Description of the task:
Only the pictures are dropped; the lines of the material that follow are returned exactly.

**** Supplied material ****

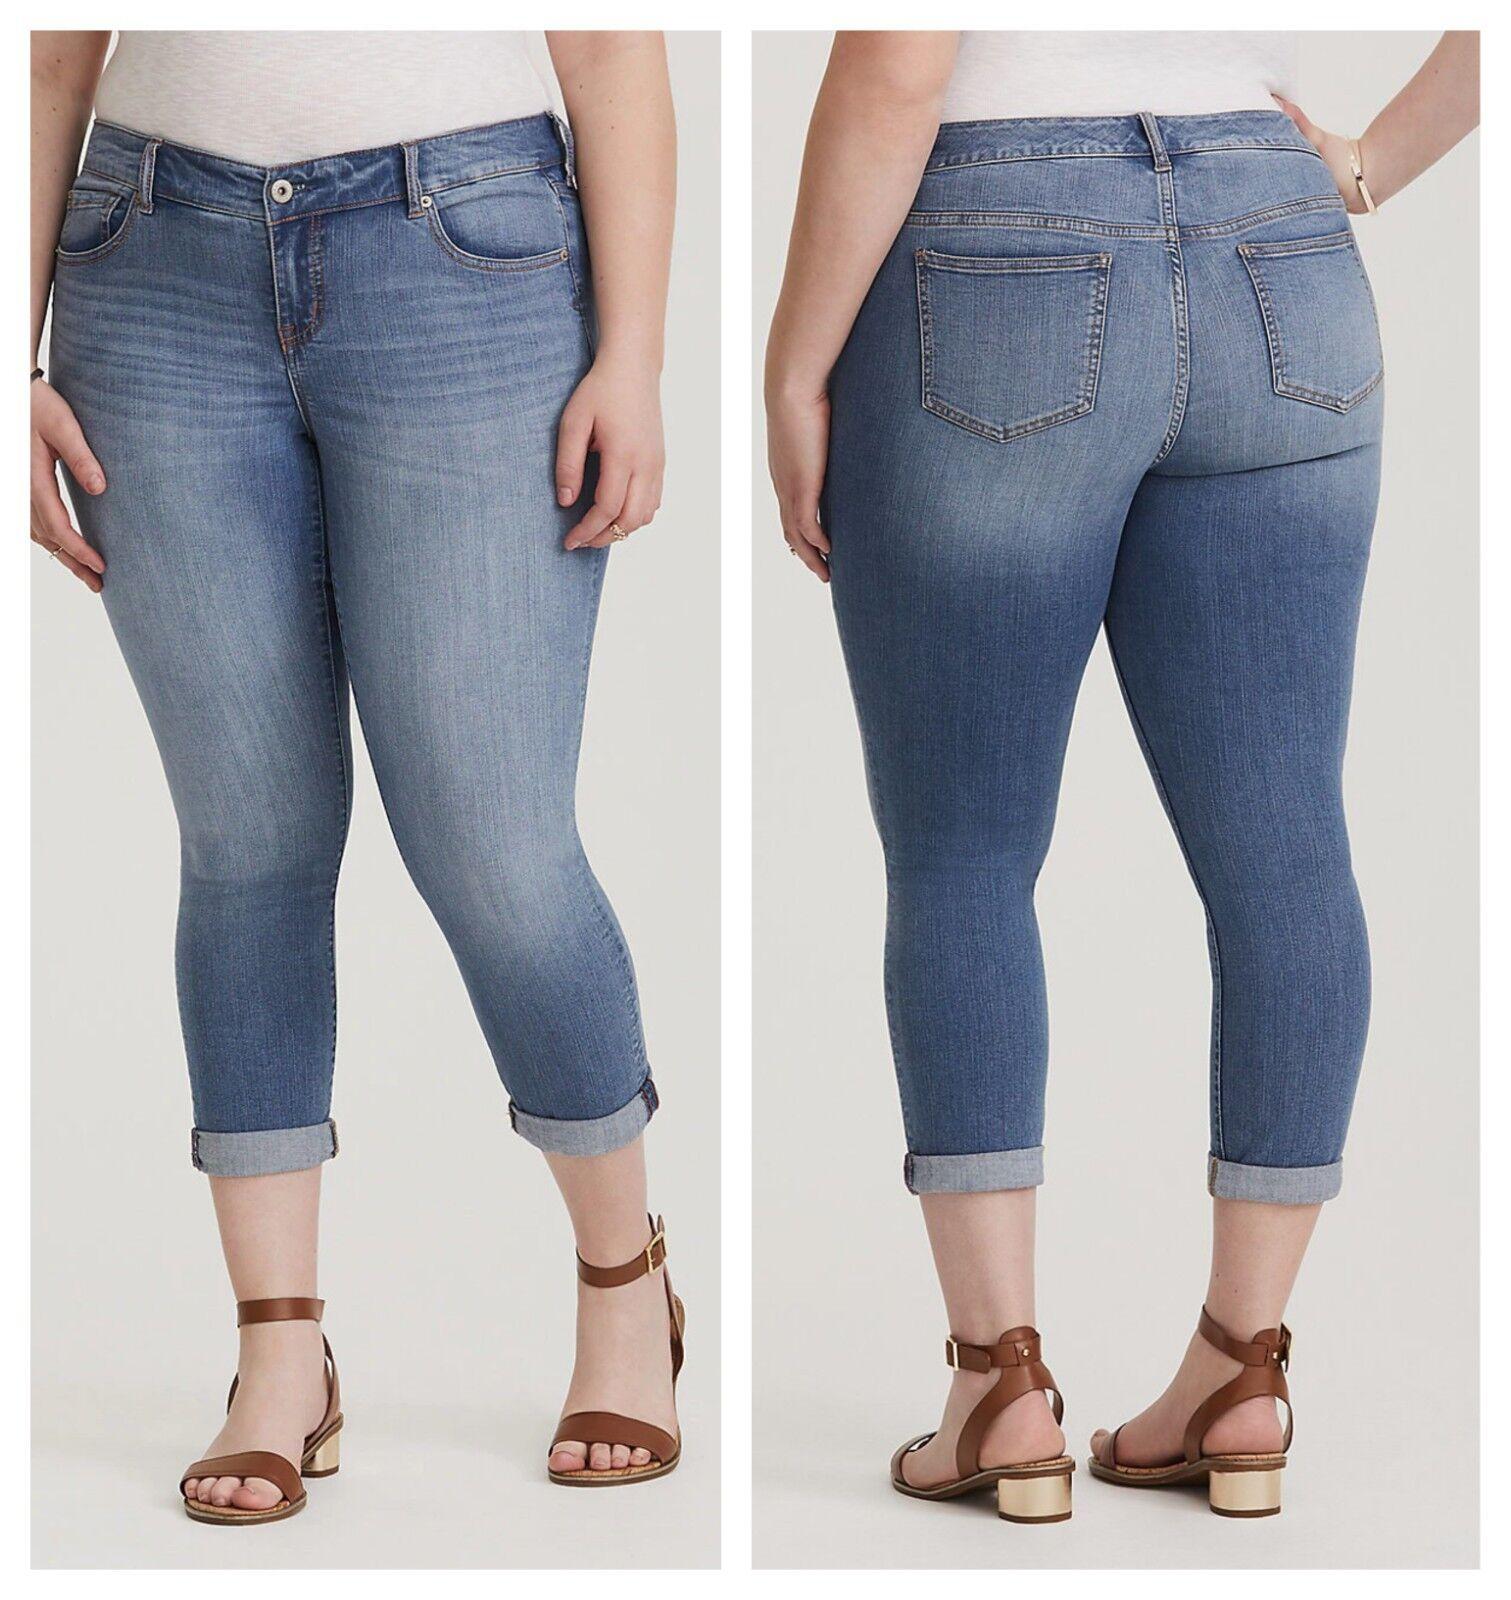 Torrid Premium Stretch Cropped Jeans Light Wash 4X 26
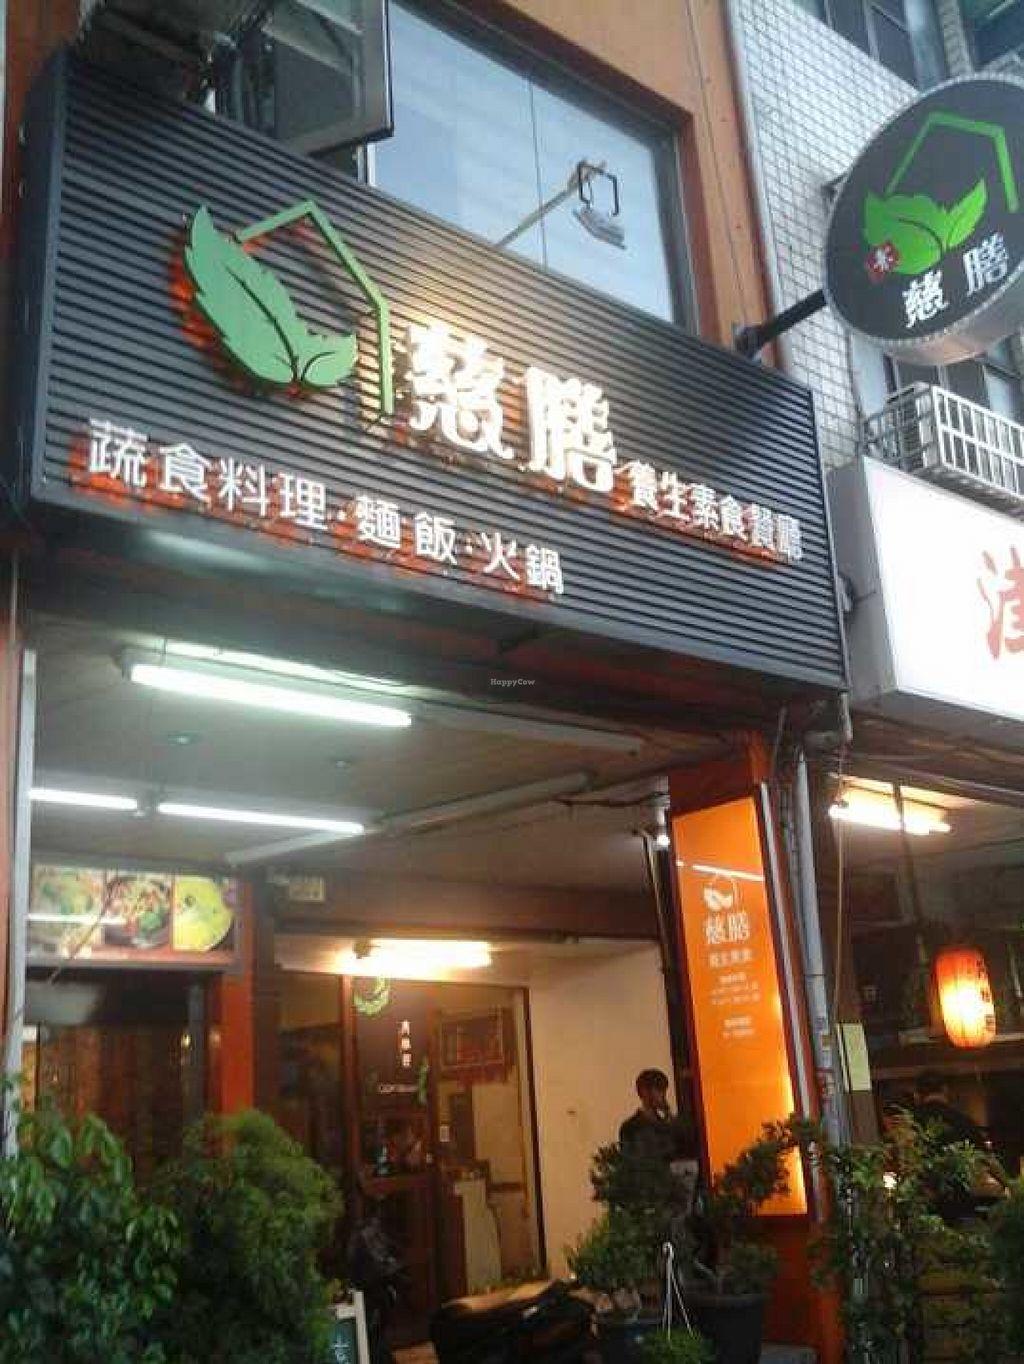 "Photo of Ci Shan Yang Sheng Vegetarian  by <a href=""/members/profile/junya"">junya</a> <br/>Shopfront <br/> May 27, 2016  - <a href='/contact/abuse/image/73520/150978'>Report</a>"
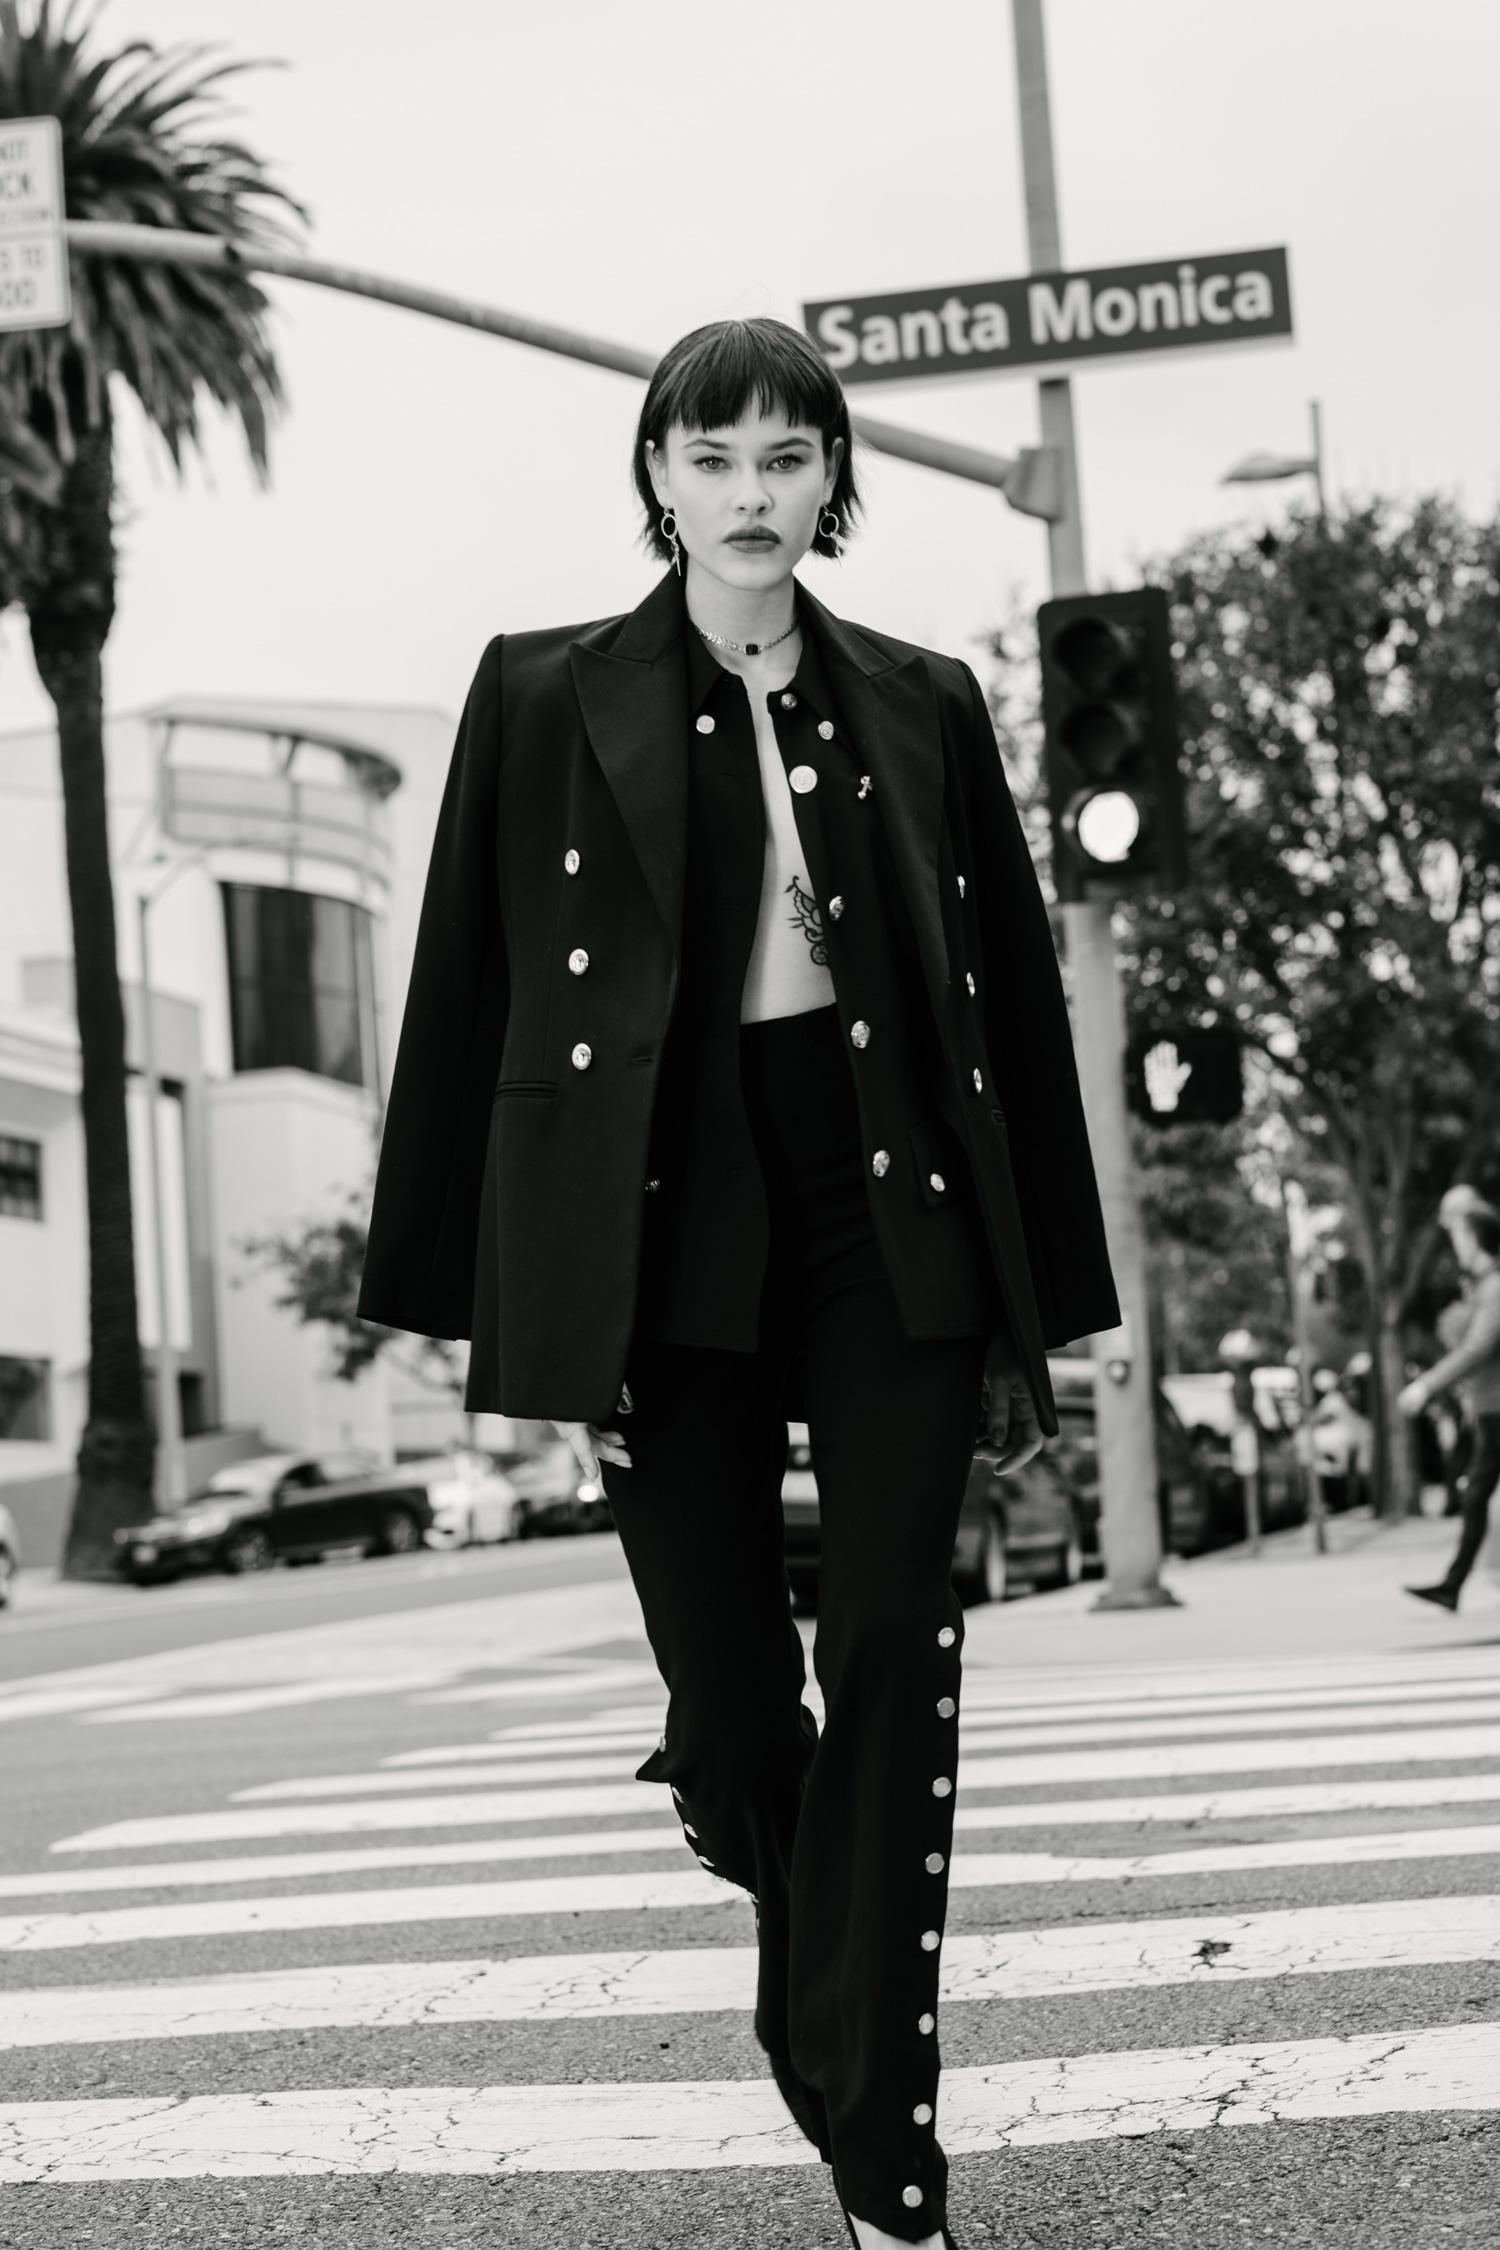 019-LA-Urban-Street-Style.jpg

****

Exercise answer:
 Torrid Premium Stretch Cropped Jeans Light Wash 4X 26
 "Photo of Ci Shan Yang Sheng Vegetarian  by <a href=""/members/profile/junya"">junya</a> <br/>Shopfront <br/> May 27, 2016  - <a href='/contact/abuse/image/73520/150978'>Report</a>"
 019-LA-Urban-Street-Style.jpg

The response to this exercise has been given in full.